Question

An electron from various excited states of hydrogen atom emit radiation to come to the ground state. Let $\lambda_n, \lambda_g$ be the de Broglie wavelength of the electron in the $n^{th}$ state and the ground state respectively. Let $\Lambda_n$ be the wavelength of the emitted photon in the transition from the $n^{th}$ state to the ground state.
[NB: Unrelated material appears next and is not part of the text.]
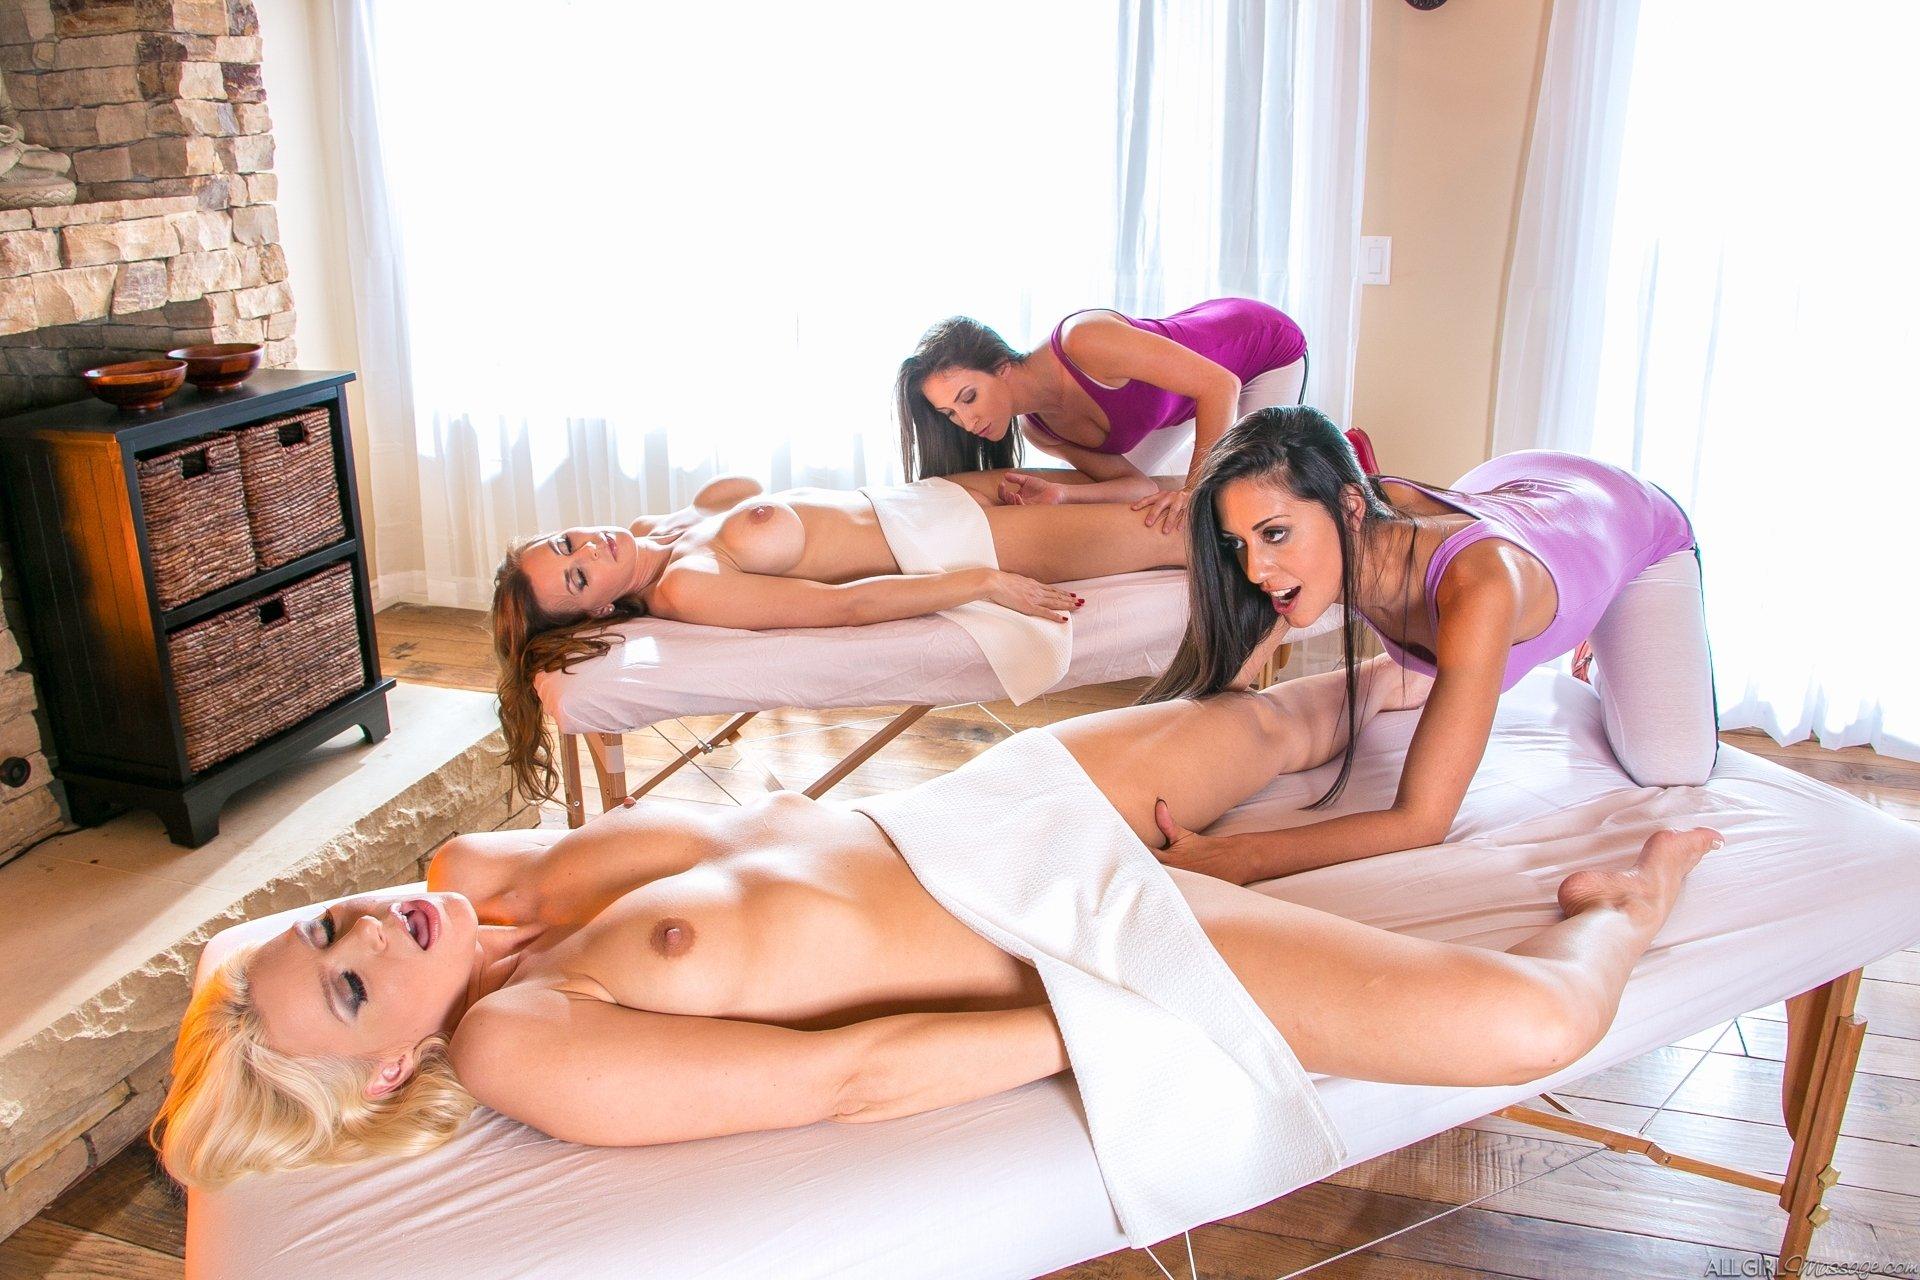 Посты смотреть порно в салоне осень
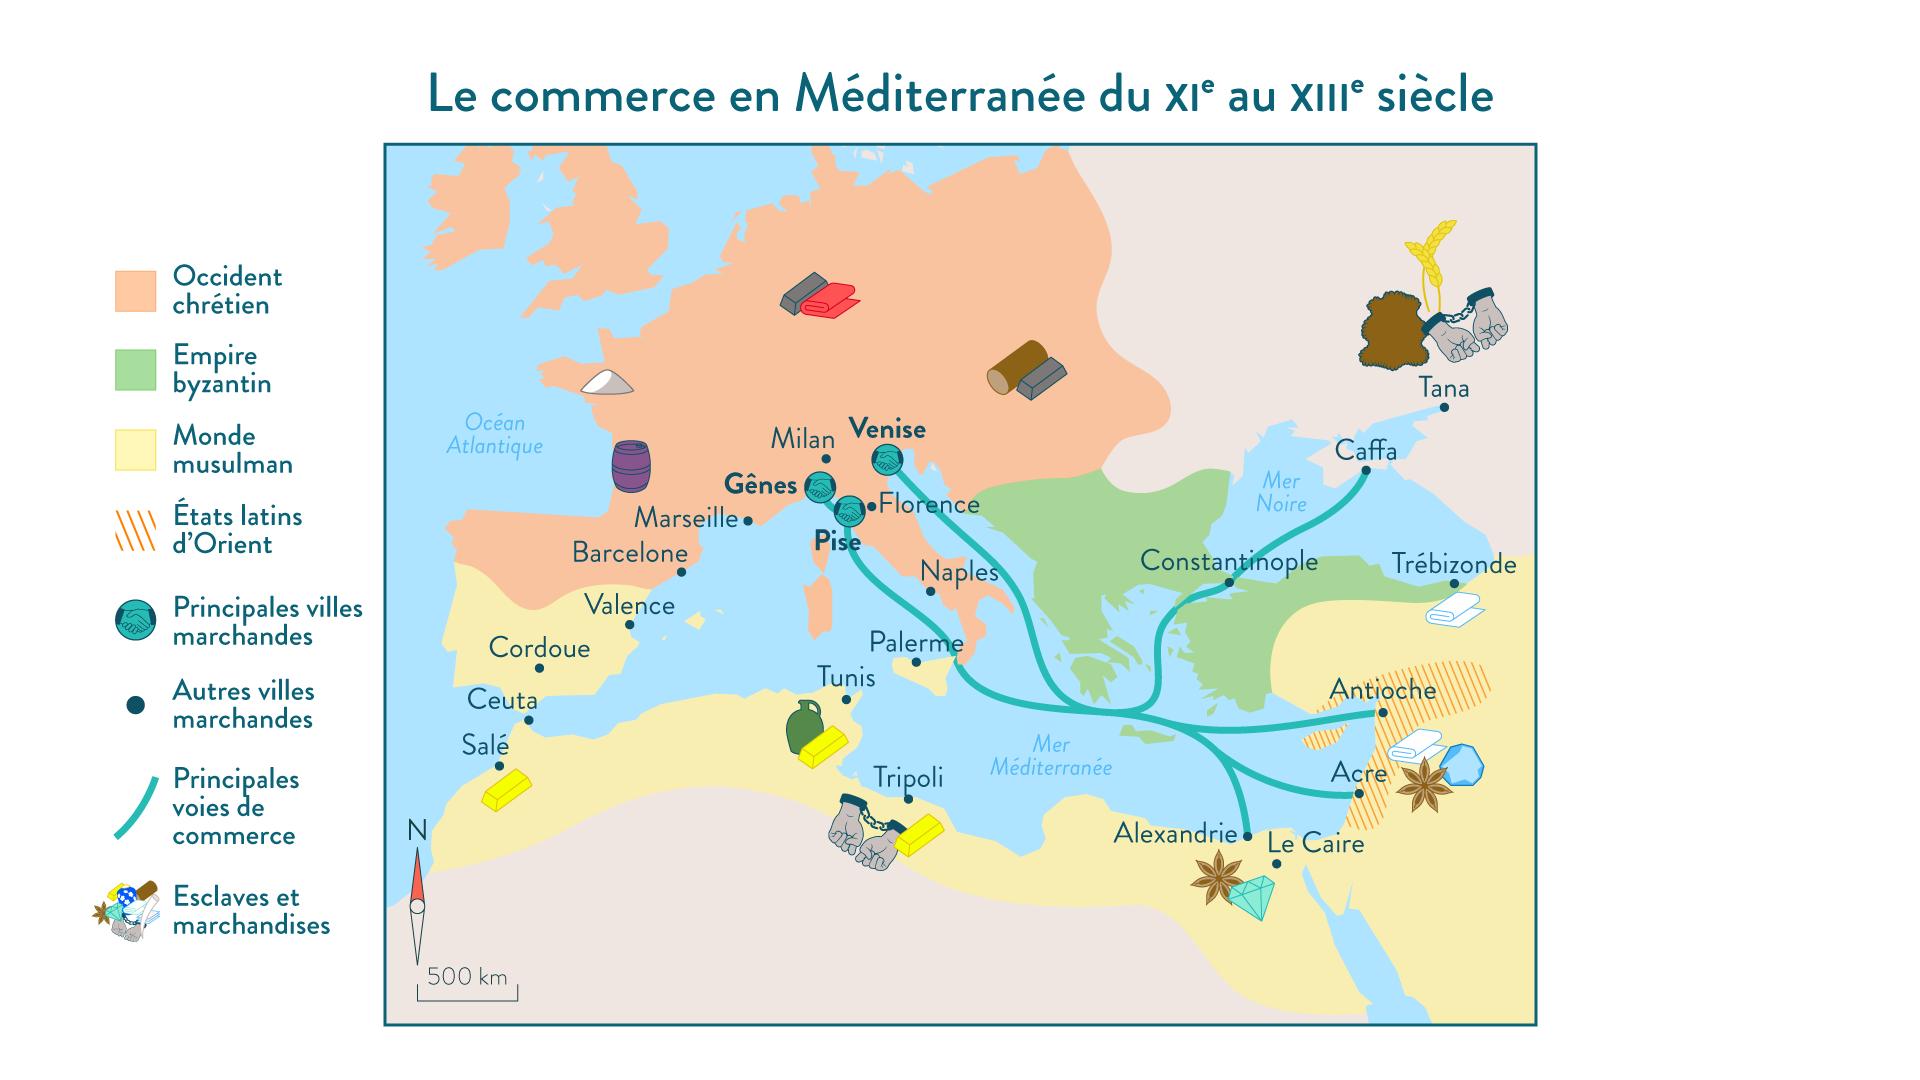 Le commerce méditerranéen - Histoire - 2de - SchoolMouv

For large $n,$ ($A, B$ are constants)

• A. $\Lambda_n \approx A + \frac{B}{\lambda^2_n}$
• B. $\Lambda_n \approx A + B \lambda_n$
• C. $\Lambda_n^2 \approx A + B \lambda_n^2$
• D. $\Lambda_n^2 \approx \lambda$

Answer 1

Answer: (A)

$\Lambda_n \approx A + \frac{B}{\lambda^2_n}$

Answer 2

$P_{n}=\frac{h}{\lambda_{n}}, P_{g}=\frac{h}{\lambda_{g}}$
$k=\frac{P^{2}}{2 m}=\frac{h^{2}}{2 m \lambda^{2}}, E=-k=-\frac{h^{2}}{2 m \lambda^{2}}$
$E_{n}=-\frac{h^{2}}{2 m \lambda_{n}^{2}}, E_{g}=-\frac{h^{2}}{2 m \lambda_{g}^{2}}$
$E_{n}-E_{g}=\frac{h^{2}}{2 m}\left(\frac{1}{\lambda_{g}^{2}}-\frac{1}{\lambda_{n}^{2}}\right)=\frac{h c}{\Lambda_{n}}$
$\frac{h^{2}}{2 m}\left(\frac{\lambda_{n}^{2}-\lambda_{g}^{2}}{\lambda_{g}^{2} \lambda_{n}^{2}}\right)=\frac{h c}{\Lambda_{n}}$
$\Lambda_{n}=\frac{2 m c}{h}\left(\frac{\lambda_{g}^{2} \lambda_{n}^{2}}{\lambda_{n}^{2}-\lambda_{g}^{2}}\right)$
$\Lambda_{n}=\frac{2 m c \lambda_{g}^{2}}{h} \frac{\lambda_{n}^{2}}{\lambda_{n}^{2}\left(1-\frac{\lambda_{g}^{2}}{\lambda_{n}^{2}}\right)}$
$=\frac{2 m c \lambda_{g}^{2}}{h}\left[1-\frac{\lambda_{g}^{2}}{\lambda_{n}^{2}}\right]^{-1}$
$=\frac{2 m c \lambda_{g}^{2}}{h}\left[1+\frac{\lambda_{g}^{2}}{\lambda_{n}^{2}}\right]$
$=\frac{2 m c \lambda_{g}^{2}}{h}+\left(\frac{2 m c \lambda_{g}^{4}}{h}\right) \frac{1}{\lambda_{n}^{2}}$
$=A+\frac{B}{\lambda_{n}^{2}}$
$A= \frac{2 m c \lambda_{g}^{2}}{h}, B=\frac{2 m c \lambda_{g}^{4}}{h}$